Why? Carbohydrates digest more slowly and don't "spike" your blood sugar the way simple sugars do. They also fill you up faster, so you're less likely to overeat, and they give you more vitamins, minerals, and fiber.

  • The goal. Most of what you eat should be healthy carbohydrates. Include whole-grains, fruits, vegetables and low fat milk. Whole grain breads and cereals, brown rice, beans, lentils, potatoes, and corn tortillas are good choices.


  • Shop the perimeter of grocery stores, where you'll find the freshest foods. Avoid temptation in the middle aisles, where canned, boxed, and frozen goods are shelved.
  • Reach for the least-processed version of any food. Try to cut out prepared, pre-mixed foods like stove-top dinners: they're not "helpers" when it comes to diabetes and nerve pain.
  • Have fun trying a new kind of starchy vegetable, like baked yams, oven-roasted carrots, or cooked lentils, instead of white rice or dinner rolls.

Tip 4. Forget "Supersizing"

Why? Most people are shocked to realize how small "official" serving sizes are. A serving of carbs? Only 1 slice of whole-grain bread or 1/2 cup of cooked oatmeal. A serving of dry cereal? Only 3/4 of a cup - that's smaller than your average cup of coffee. Meat, fish, or poultry? A mere 3 ounces is a serving - that's about the size of a cassette tape - once it's cooked. Go for that 16-ounce porterhouse and you've just eaten nearly 6 dinners' worth of protein.

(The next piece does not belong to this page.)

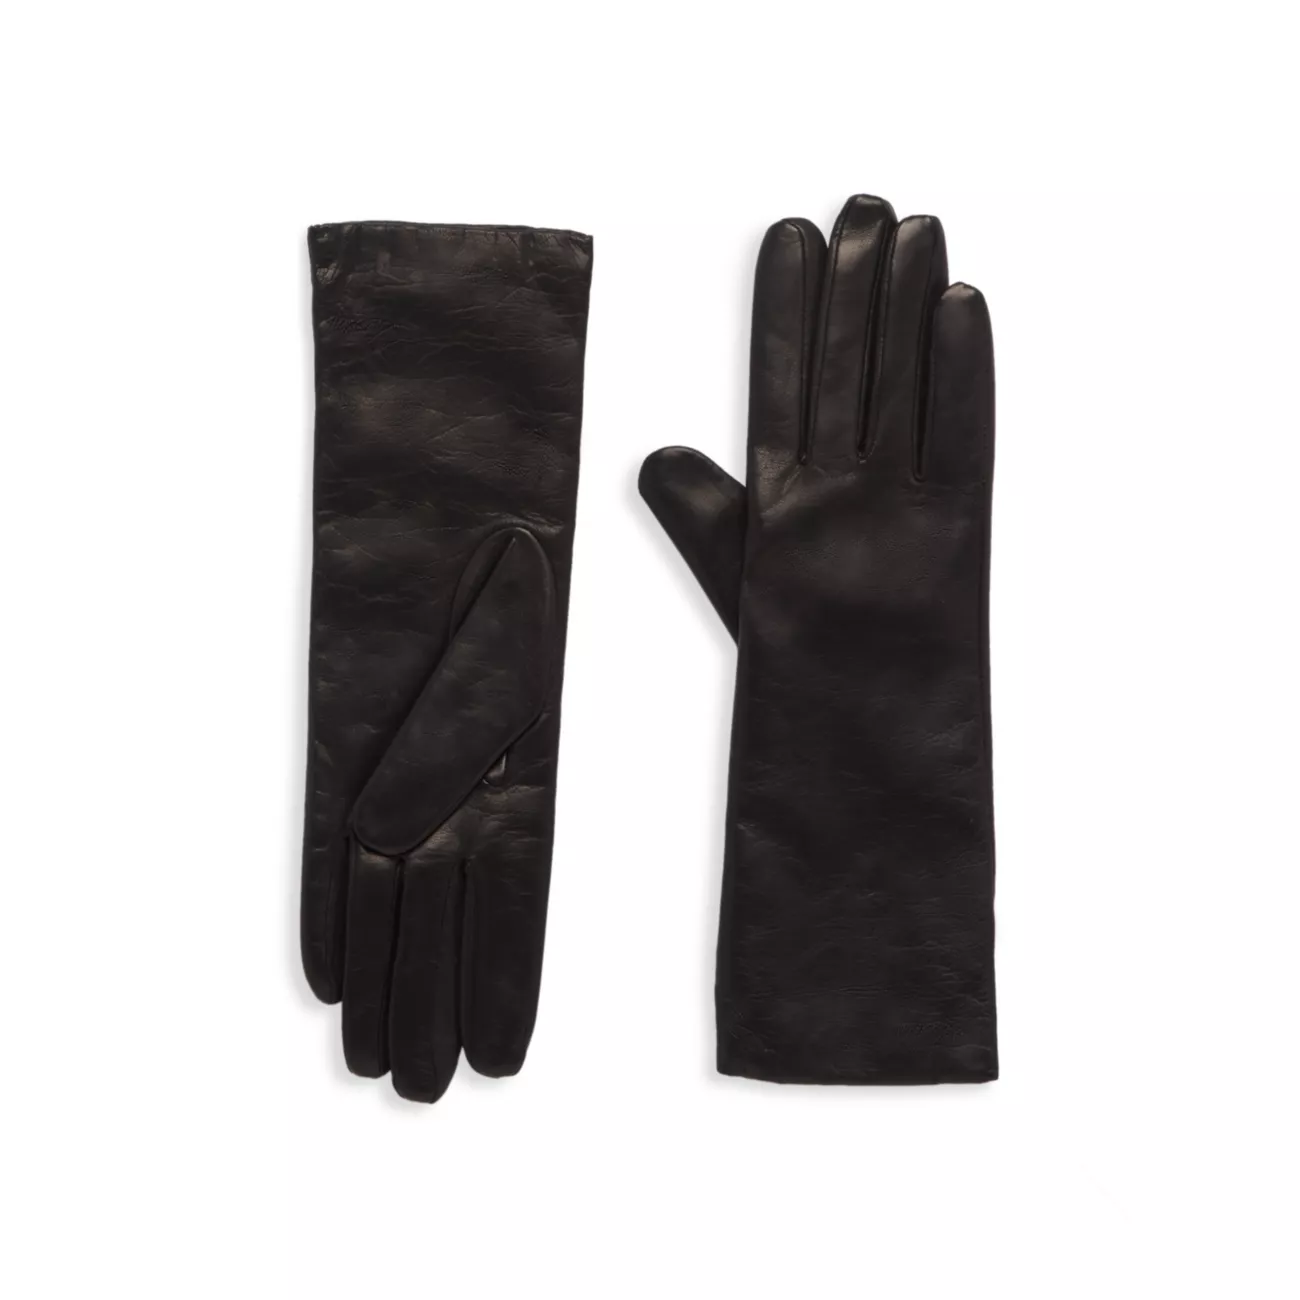 КОЛЛЕКЦИЯ Кожаные перчатки на кашемировой подкладке Saks Fifth Avenue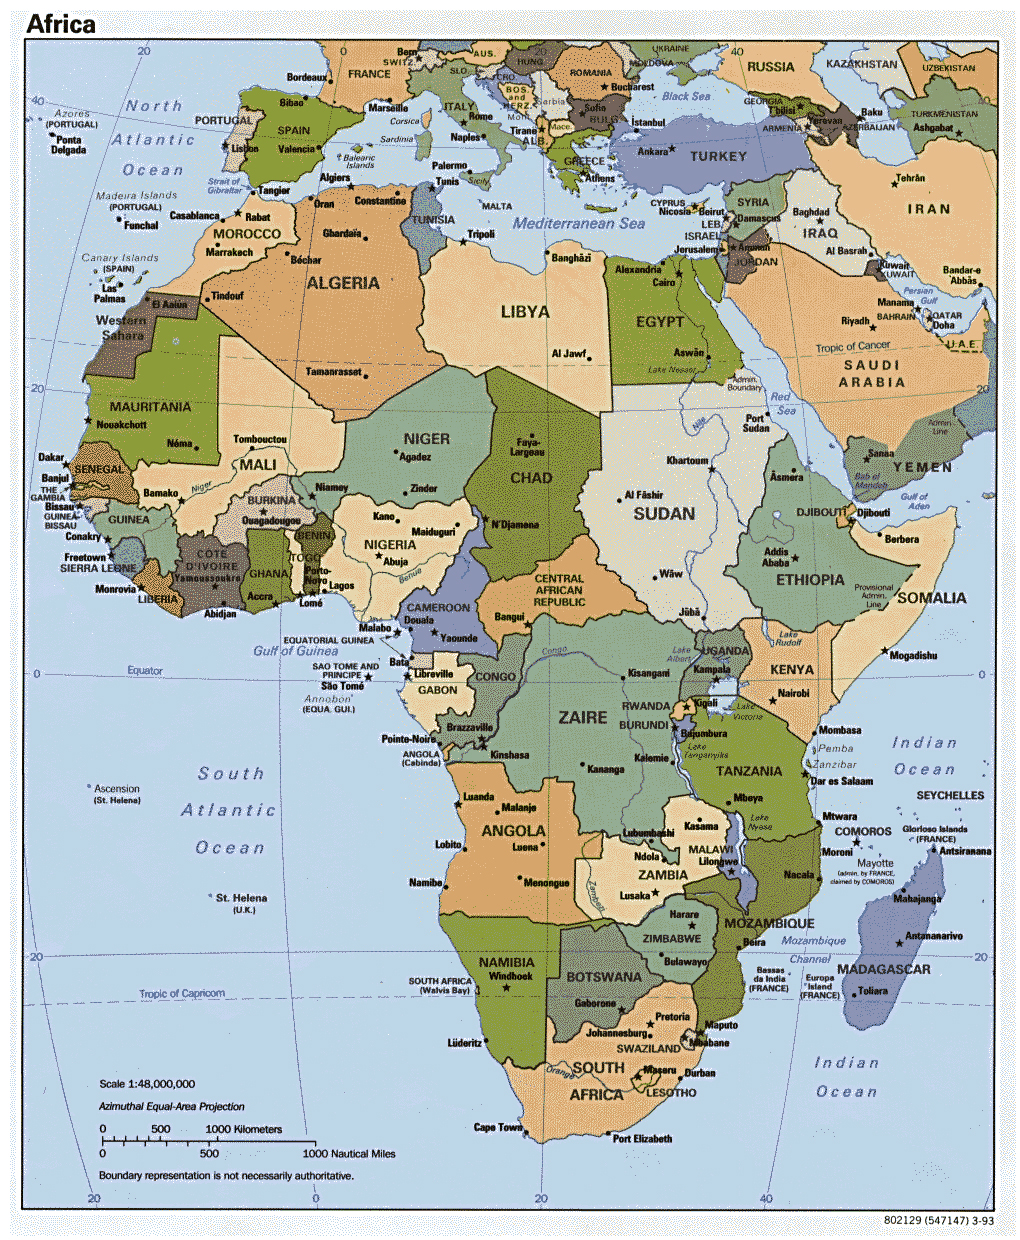 Mapa Político Detallada De África Con Las Principales Ciudades Y Capitales 1993 África 6485

The goal. Get in the habit of reading food labels to find out the real portion sizes for the foods you enjoy. And do the math. If you double up on a special treat one day, subtract that from your next day's diet planning.


  • Split entrees or dinner-size salads when you eat out, or have a small salad and appetizer instead of an entree.
  • Keep a good diabetes diet book on hand to find portion sizes for fresh foods like fruits and vegetables.
  • Buy a new set of measuring cups and spoons and keep them out on the counter, so you're more motivated to measure servings.